# Turning wood before it's dry



## Byrney (Feb 4, 2008)

I recently got my hands on a bit of 3"x3"x12" ebony. This is the chunkiest piece of ebony I've ever seen and it's perfect jet black - a real find. The gotcha is this: it's part seasoned. Based on research online, it seems that even if I could dry it without it cracking, I could be waiting upwards of 10 years (1 year per inch for most stuff, however ebony is very dense and needs to dry very slowly to avoid cracking).

So what I did was this: turn it into a finished piece and give it several coats of shellac (on the base too, which I normally leave unfinished) and a liberal coating of paste wax. Hopefully the finish will keep the rate of moisture loss very slow, so the piece won't crack. It may not dry out fully within my lifetime, but if it doesn't crack or rot, who cares?

Anyone else tried this? Does it work? Has anyone got any opinions/tips/useful anecdotes about turning wood then sealing it quickly?


----------



## Mitch Cholewinski (Mar 11, 2007)

Byrney
I always turn wet wood, just cut down and turned immediately at times. Shellac is good for sealing the end grain as is sanding sealer and white shellac and var also will seal the end grain.You say you never seal the base, which is the endgrain, that is a mistake. The endgrain(top and botom) is what needs sealed to prevent cracking. This isn't a fool proof method but I only lost a few turnings since doing it this way. Let's see a picture of your turning. Mitch


----------



## firehawkmph (Apr 26, 2008)

*wet turns*

Byrney,
I have turned some wood in similar situations as what you mentioned.
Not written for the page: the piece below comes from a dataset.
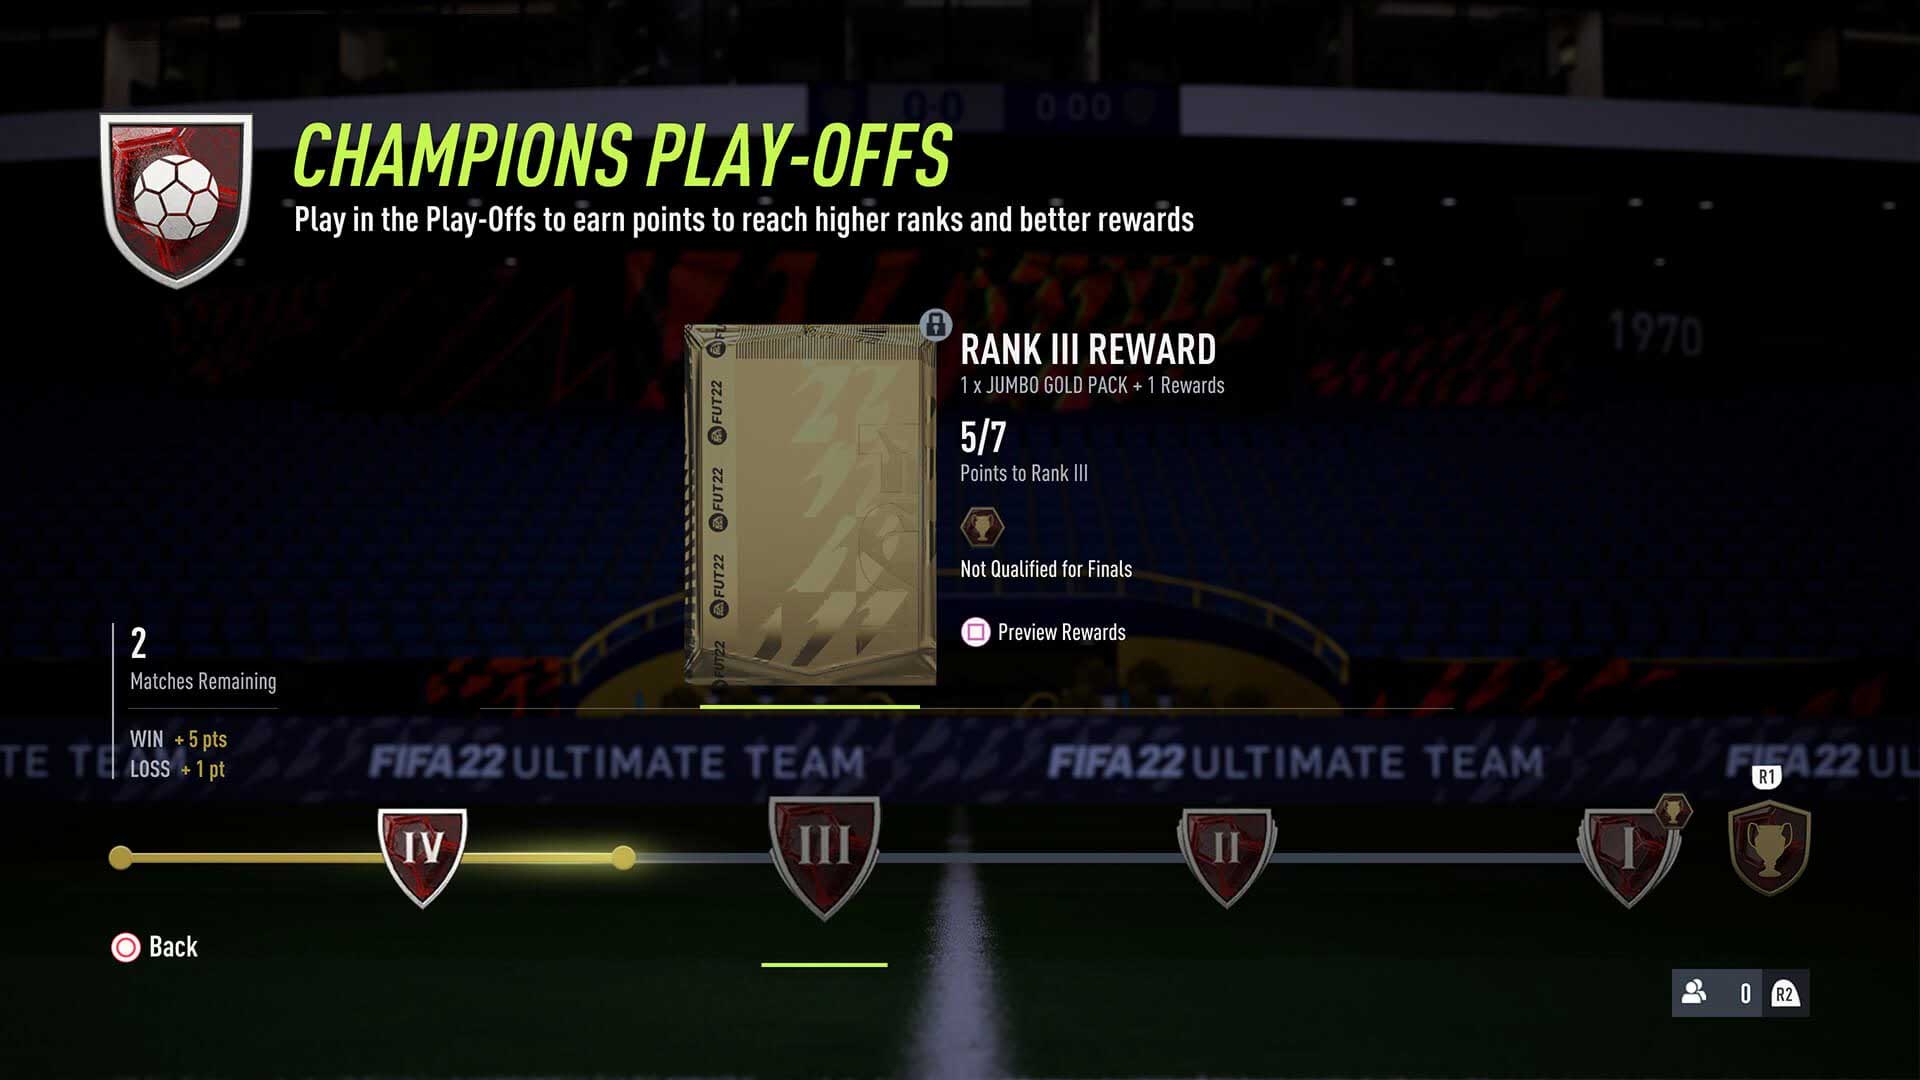 FIFA 22 screenshot of Champions Play-Offs screen

I buy a lot of 3 x 3 x 12 blanks in various exotic woods. Most are cut green and then sealed right away. I have had a few develop fine cracks after sitting for a few weeks. What is it you turned from the blank? I have also got 3/4 of the way through a peppermill and discovered the blank was a little greener than I thought. I took it and put it in a spare microwave for 5 minutes at at time at half power. I let it cool down for about 20 minutes between each zapping. I weighed it on a digital postal scale each time and noted the weight. After 9-10 zaps, the weight quit dropping. The piece turned out well and seems to be holding up well.
Mike Hawkins:icon_smile:


----------



## Allejo (Jan 30, 2008)

I also learnt the hard way. As a complete novice I tried a bowl, wet wood, which is on the forum somewhere, and it split because I left it to thick.I then tried thinning the final cut which has mishaped very slightly but has been more successful.
I've had some success but no splitting since. Perhaps not as good as others but I think the learning curve is a pleasant one to follow in this hobby.


----------



## john manestar (Aug 30, 2008)

I have Juniper wood on my ranch and was wondering how to best harvest it for woodturning and woodworking projects?


----------



## Forrest DeLoach (Apr 16, 2008)

*Turning wet or green wood*

I had a good teacher when I started turning. green magnolia is the most beauttiful both to look at and to turn. He showed me a trick to prevent warping and splitting. Submerge the finished piece in anti-freeze. That;s right regular automotive anti-reeze. It worked for me.
Forrest


----------



## Barry Ward (Mar 22, 2008)

*turning wood before it is dry*



Forrest said:


> I had a good teacher when I started turning. green magnolia is the most beauttiful both to look at and to turn. He showed me a trick to prevent warping and splitting. Submerge the finished piece in anti-freeze. That;s right regular automotive anti-reeze. It worked for me.
> Forrest


That may very well work but you are dealing with pure poison.There are so many other methods that are totaly safe.Once you start turning it again ,especially after it drys and the dust starts flyin you have the poison dust in the air.I would not recommend it for those reasons.


----------



## johnjf0622 (Feb 8, 2008)

I agree with woodsman. I never heard of that before. I hope you don't practice that method. Wood dust alone can do a number on you.(found out today from a posting some wood is worse then others) and then to add anti-freeze into the wood.


----------